EXERCISE DIRECTIONS.
An exact, complete printout of the listing is wanted, minus its images.

DATA BELOW.

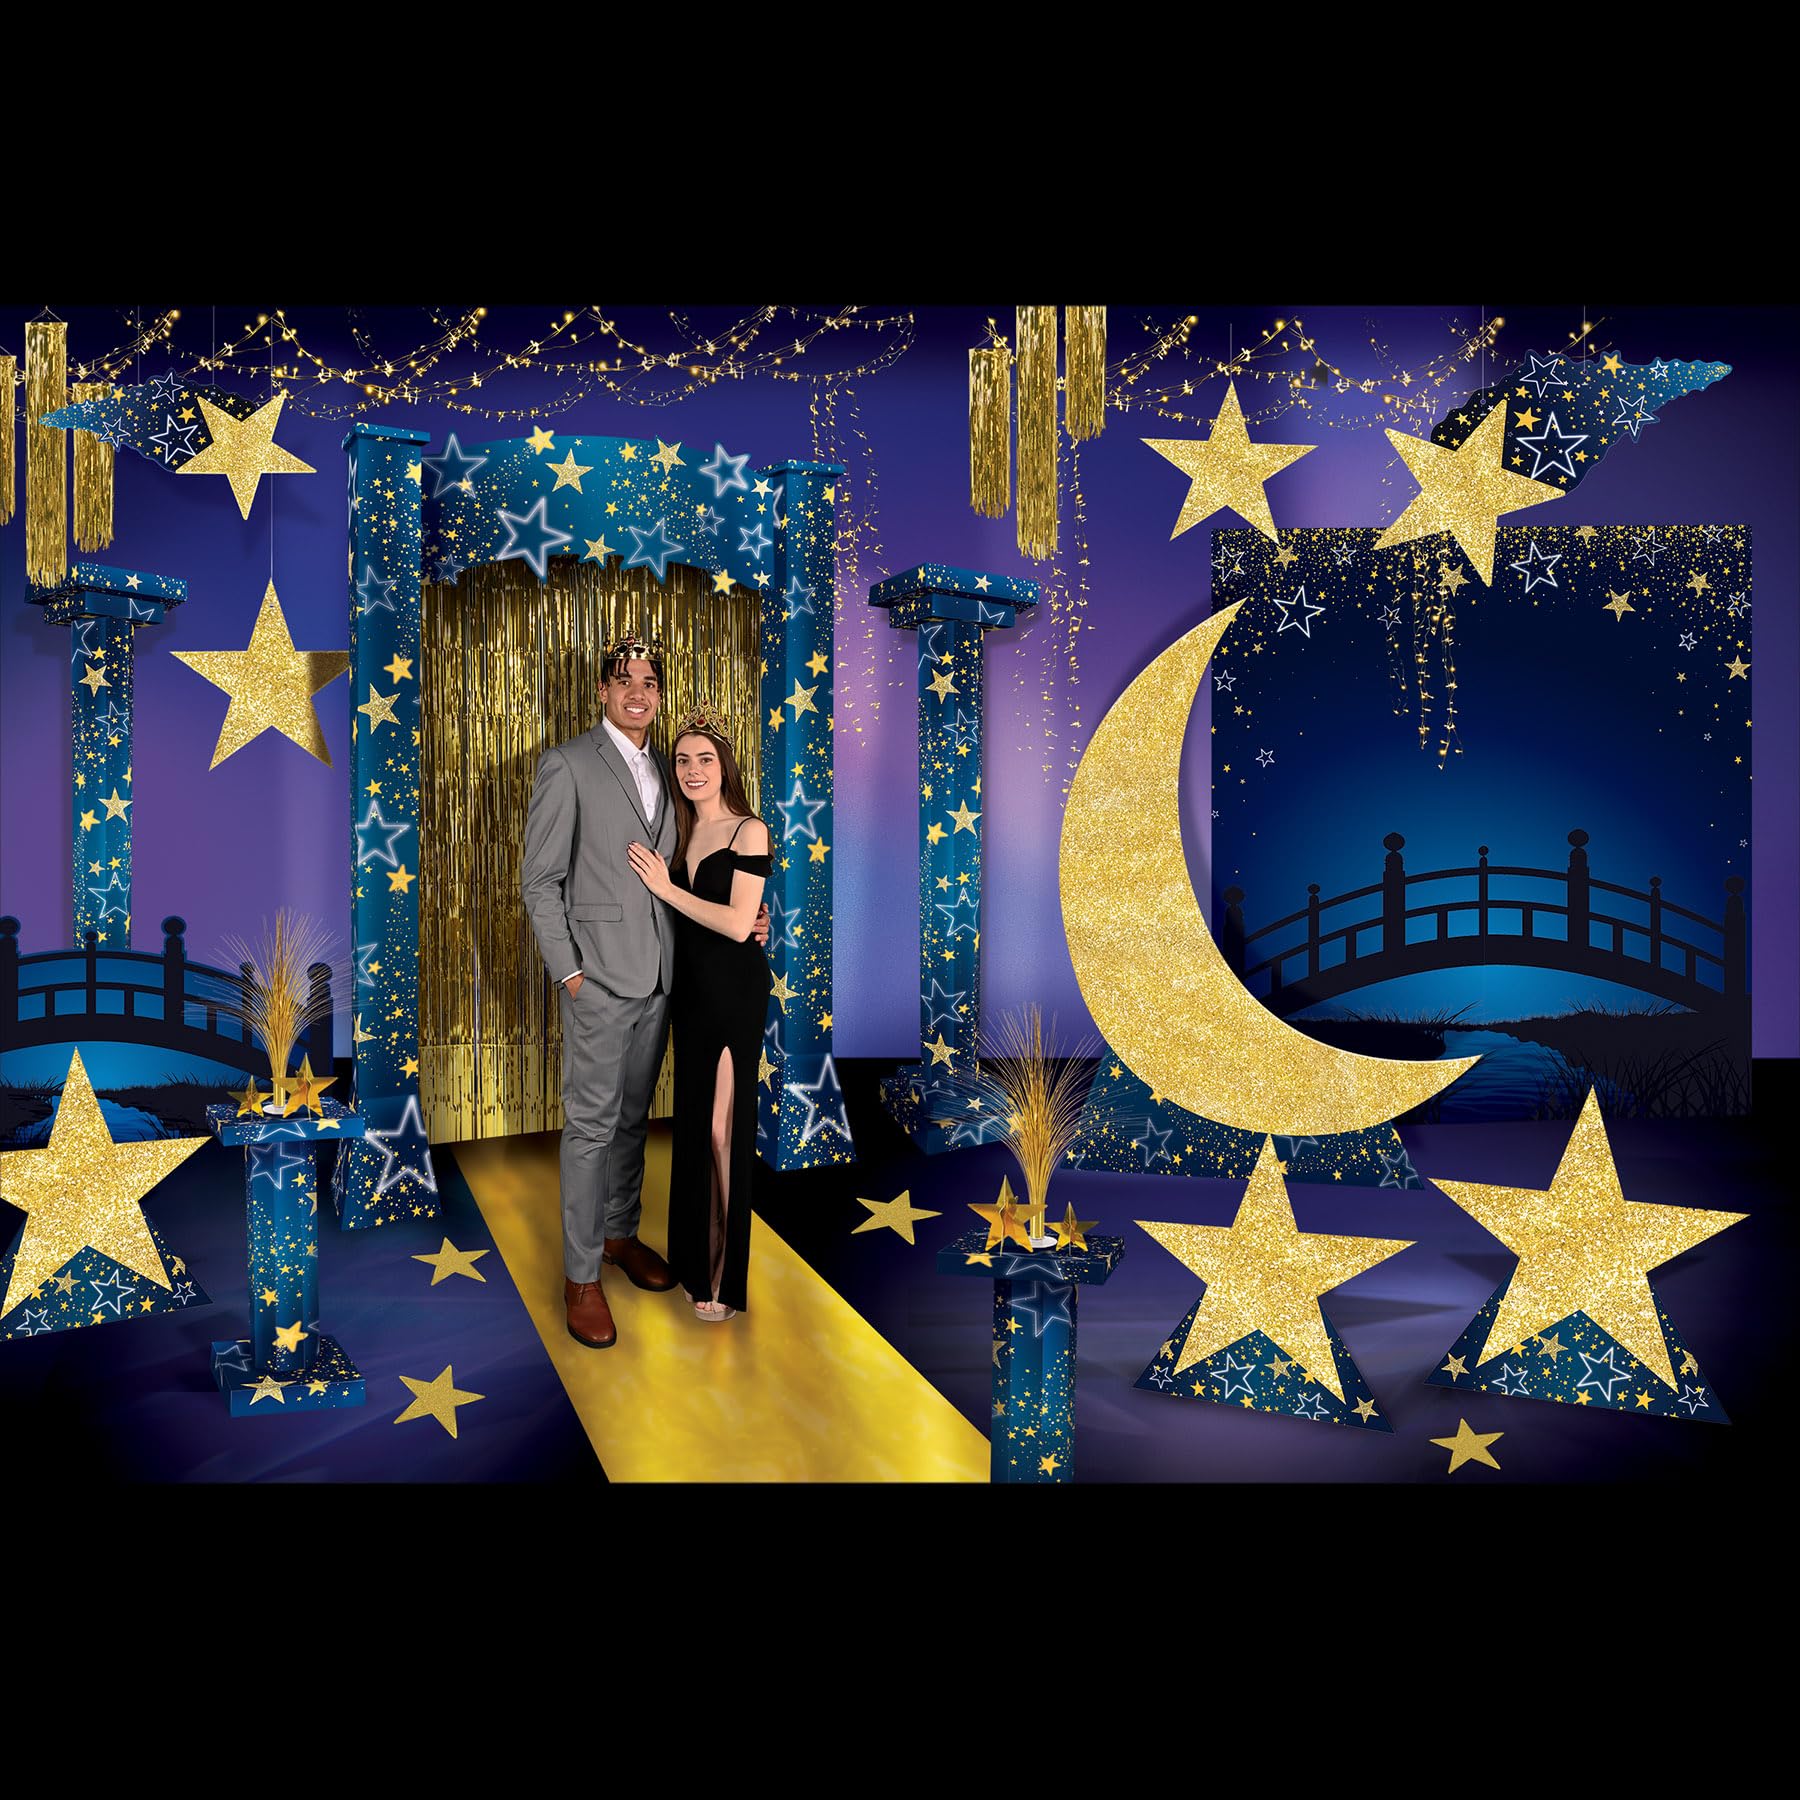 Beistle Large 7' x 6' Cardboard Awards Night Starry-Night Bridge Photo Prop Backdrop, Photography Background, Prom Decor
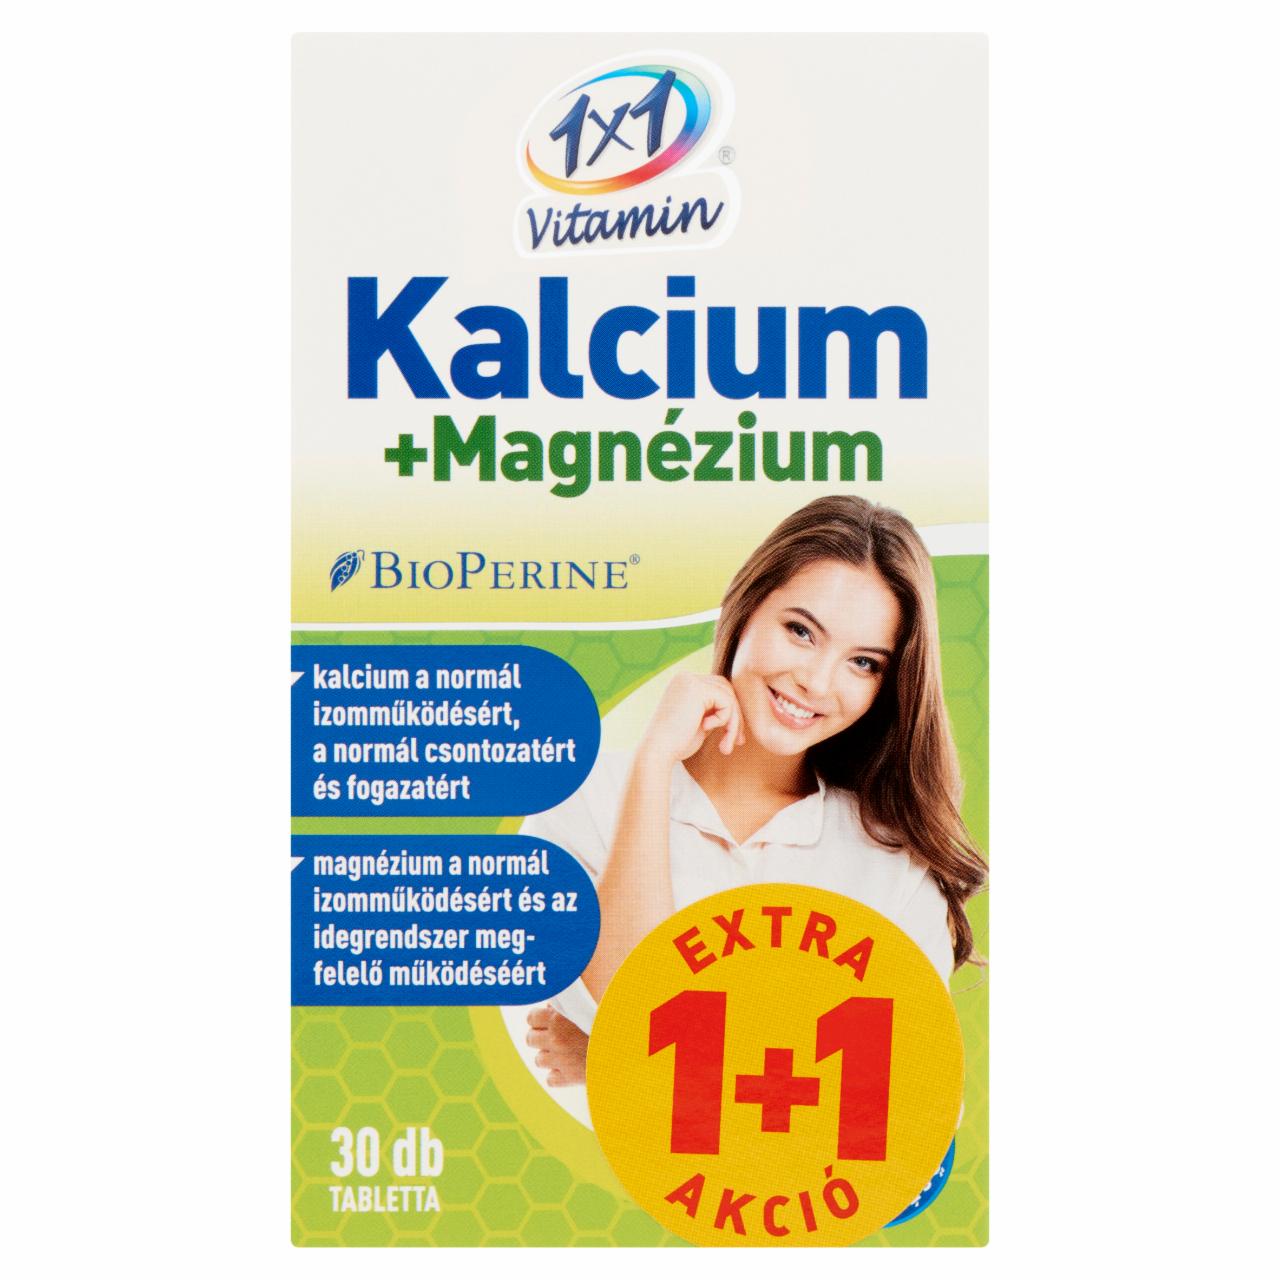 Képek - 1x1 Vitamin Kalcium + Magnézium étrend-kiegészítő filmtabletta 2 x 30 db
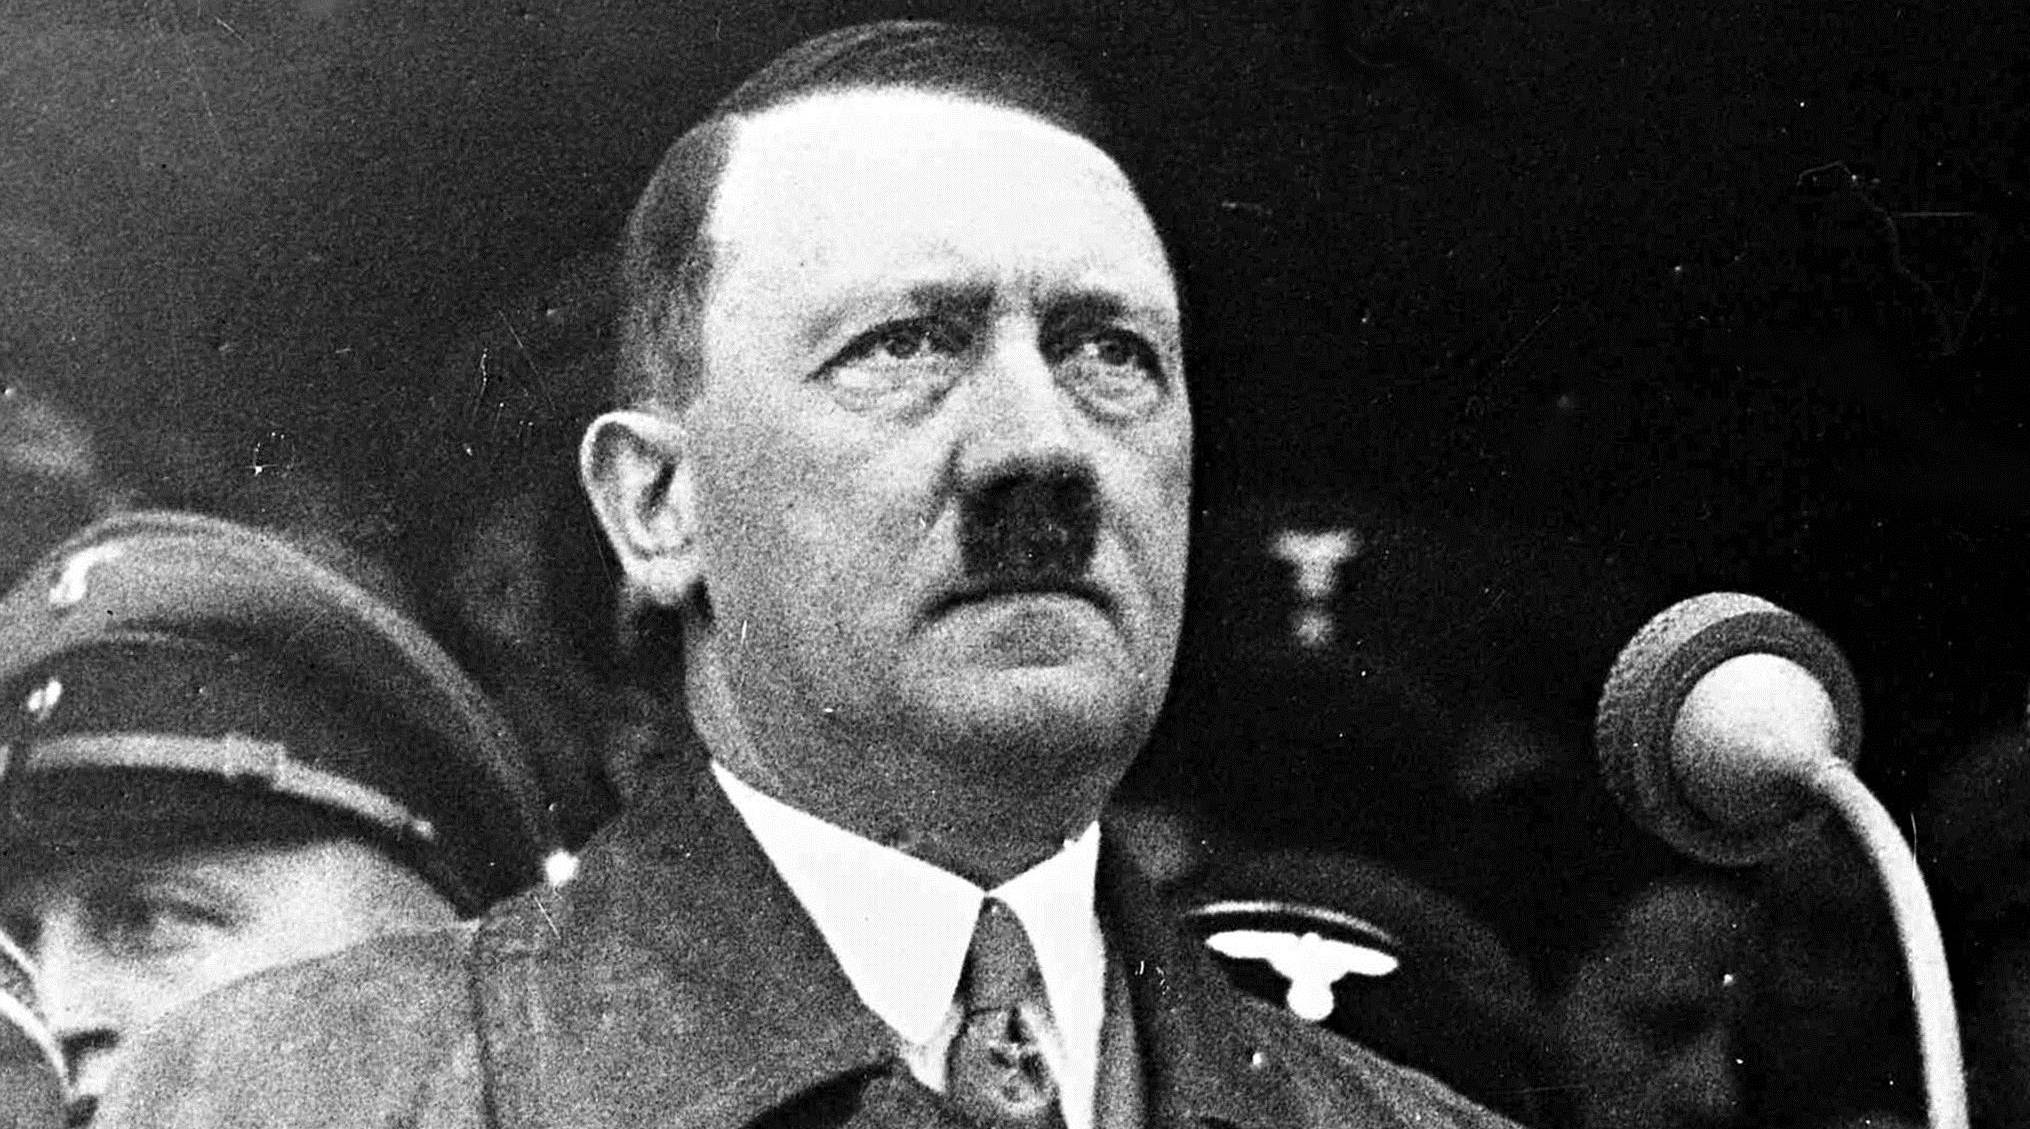 Adolf Hitler [image source]

OUTPUT BELOW.
 Beistle Large 7' x 6' Cardboard Awards Night Starry-Night Bridge Photo Prop Backdrop, Photography Background, Prom Decor
 Képek - 1x1 Vitamin Kalcium + Magnézium étrend-kiegészítő filmtabletta 2 x 30 db
 Adolf Hitler [image source]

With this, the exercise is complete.